I lost touch with him after Holywood. Every time I listened to that god damn record I alternately thought I loved it and was bored senseless by it. mObscene seemed boring. I wasn't a teenager I guess was one thing. But I think also it had to do with the parade of producers.

Mechanical Animals was a very well produced album and, despite Warner's insanely off-key crooning here and there, I like it a lot. But it is no Superstar, and unless I'm very much mistaken that is all because of Trent Reznor. Superstar is a unique sonic experience moreso than it is an unparalleled lyrical work or the labour of competent musicians.

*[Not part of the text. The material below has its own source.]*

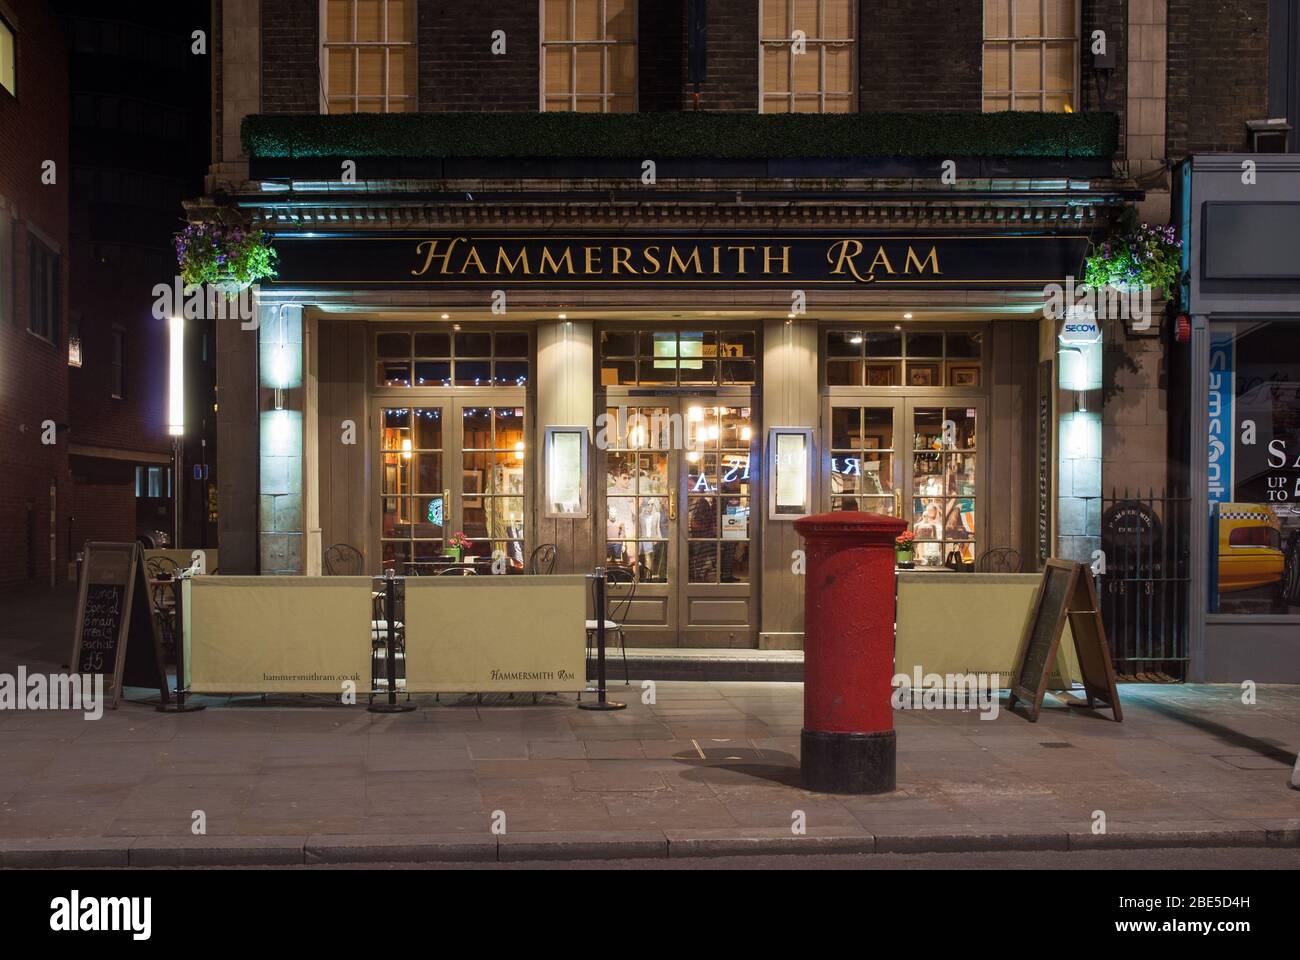 Hammersmith RAM, 81 King Street, Hammersmith, London W6 9HW Stockfoto

I will always aspire to be making music that sounds a little bit more like Antichrist Superstar, because I will never make music that sounds very much like it at all.

Mark Palermo said...

My favourite of his albums is Mechanical Animals, but I can definitely see prefering Antichrist Superstar. I think Manson's songwriting is markably improved on MA, but you're right that it isn't quite the sonic rollercoaster of the former.

That "Tainted Love" video is interesting, because the joke of it is that it's a gothed-out take on hiphop videos of that era. And then afterward, he released The Golden Age of Grotesque, which I feel is the Manson version of a blinged-out rap album. He sings lines like, "I drive a big car, cuz I'm a big star." And even has the refrain of "What's my name?" at one point. It's an ok, somewhat disturbed party record, but doesn't touch the middle three (ACSS, MA, HW).